■ **TO DO**: Your task is to repeat the lines below exactly, excluding any pictures they contain.

■ **PROVIDED DATA**:
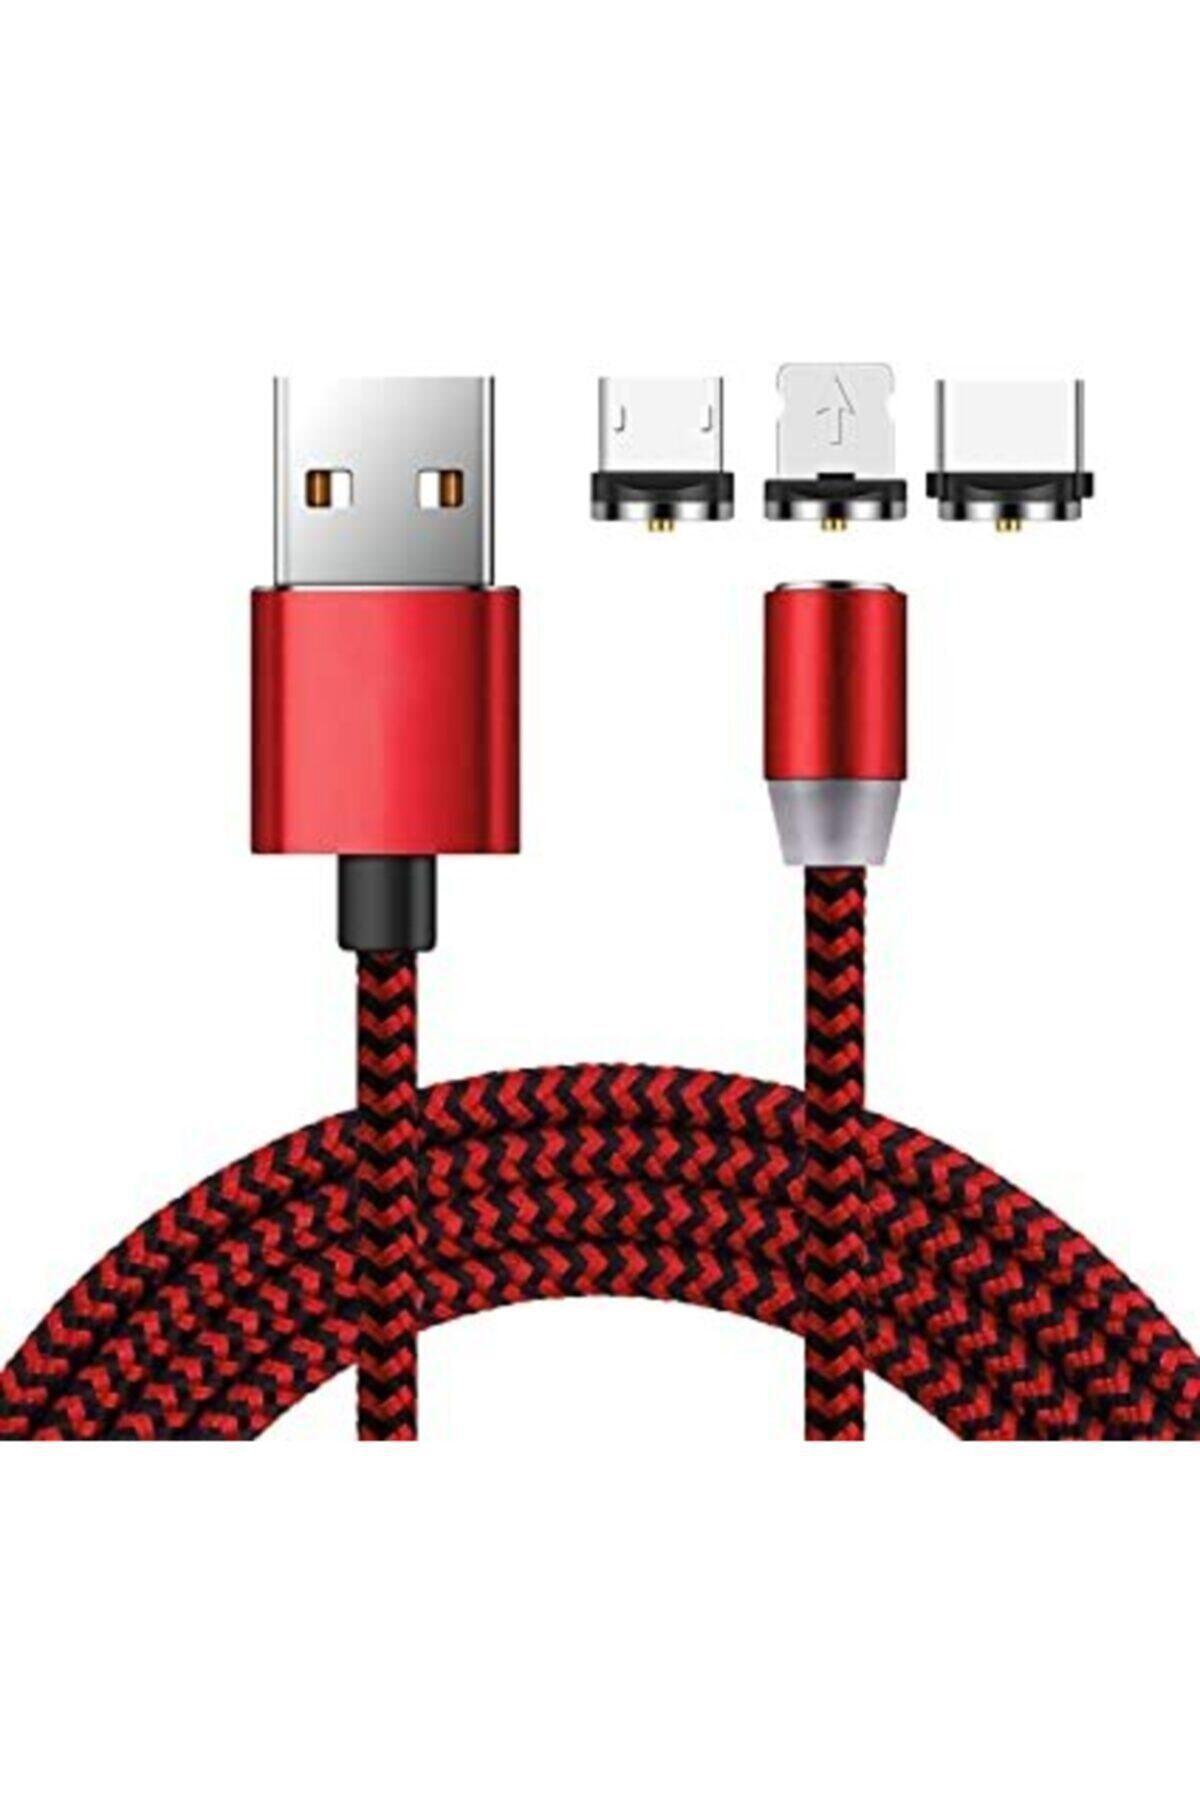 Kırmızı Renk Iphone Samsung Micro Usb Type-c 3 in 1 Mıknatıslı Manyetik Şarj Kablosu
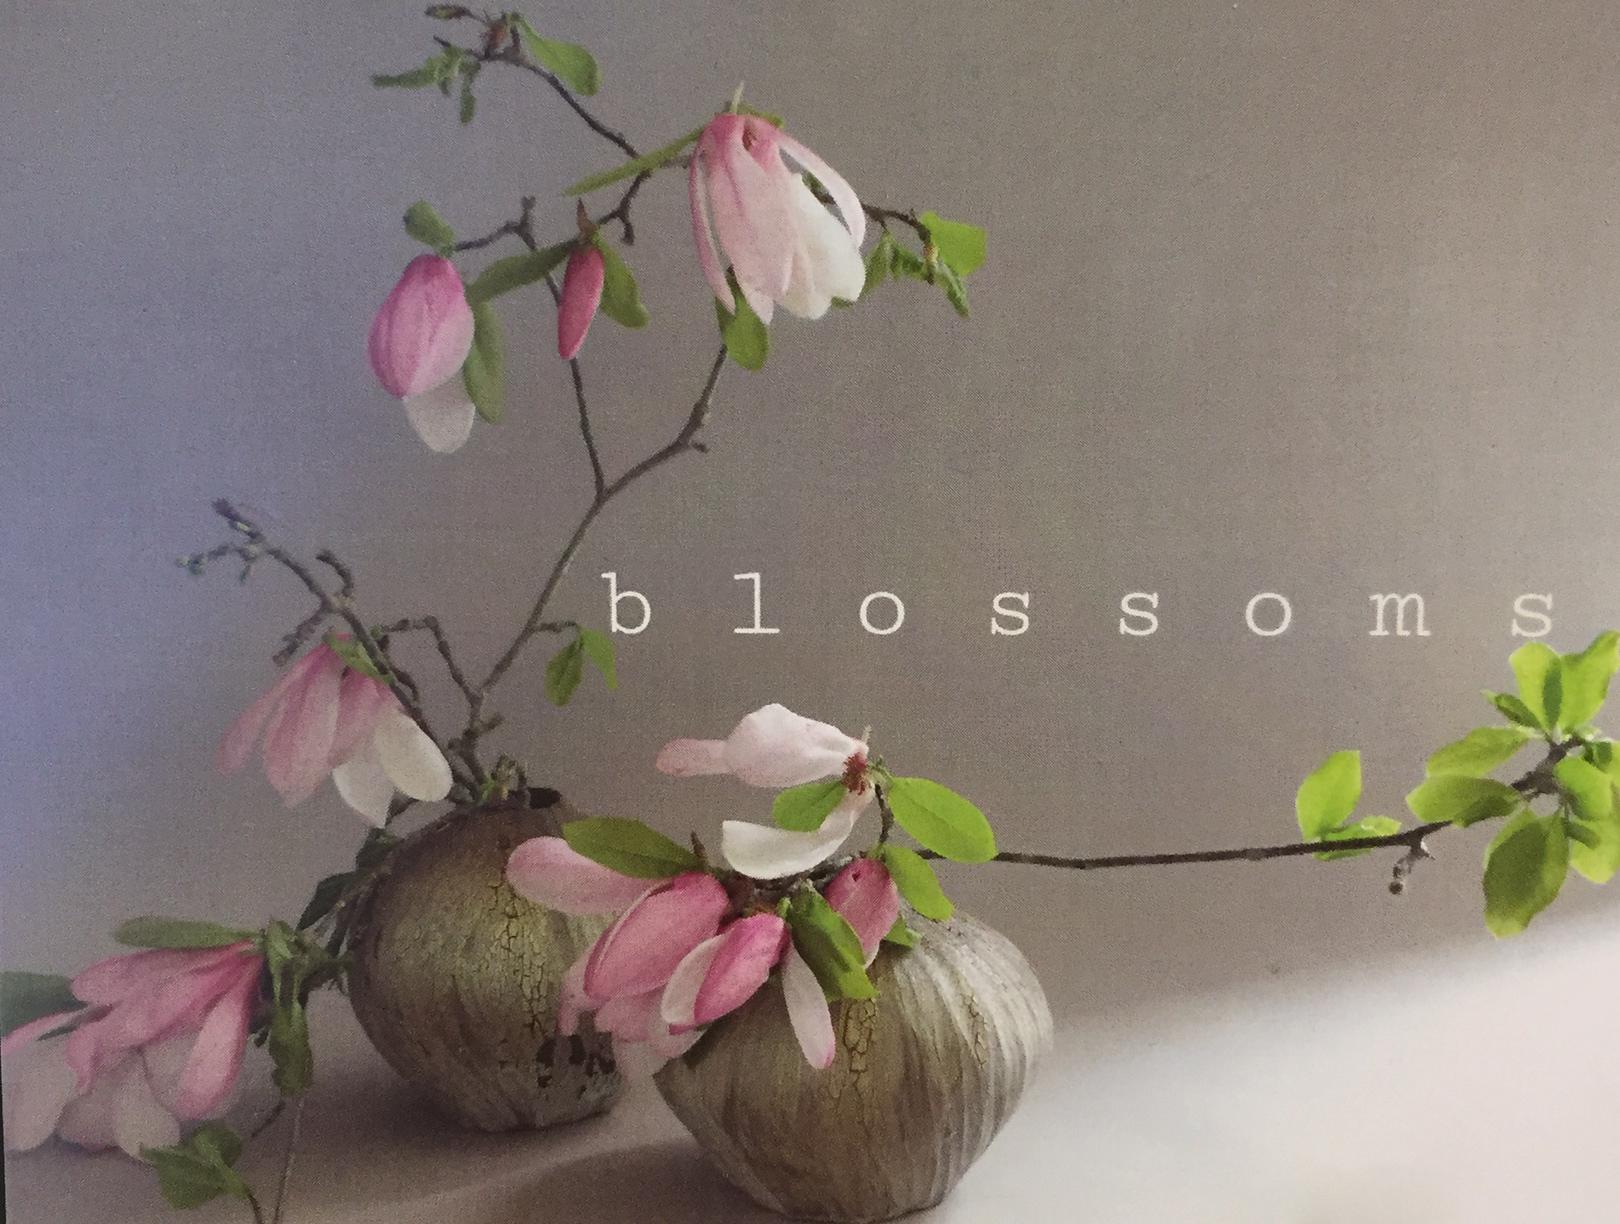 blossom3.jpg
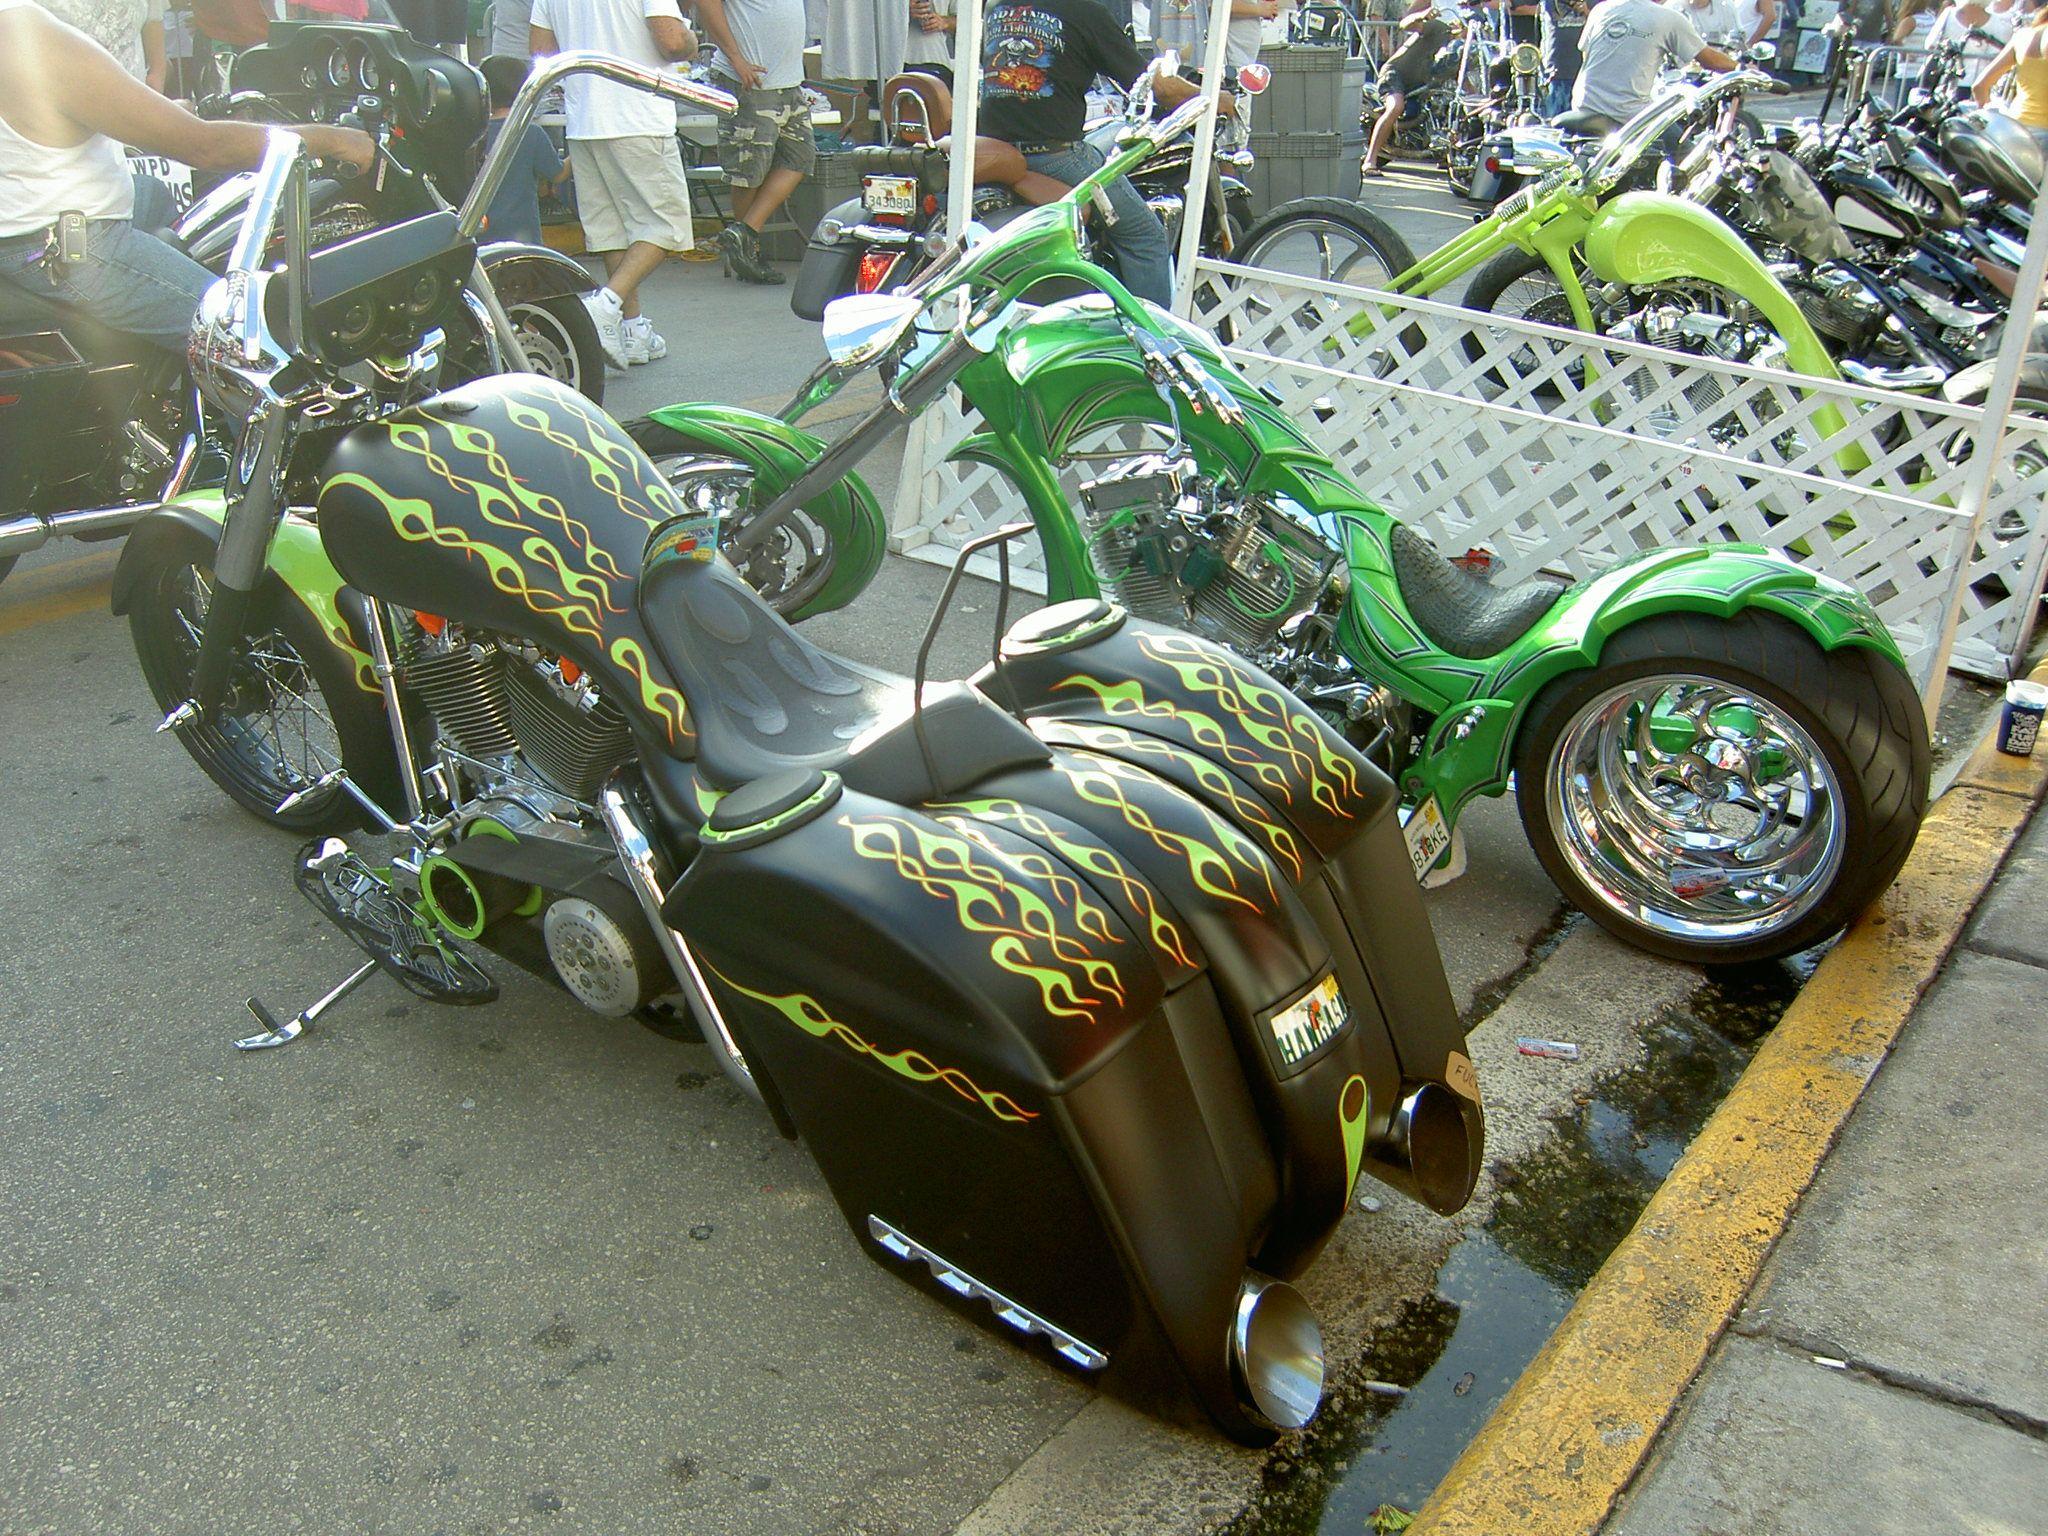 Pin by Lorenzo Casado on Motos en Miami (USA) Golf bags

■ **TASK OUTPUT**:
 Kırmızı Renk Iphone Samsung Micro Usb Type-c 3 in 1 Mıknatıslı Manyetik Şarj Kablosu
 blossom3.jpg
 Pin by Lorenzo Casado on Motos en Miami (USA) Golf bags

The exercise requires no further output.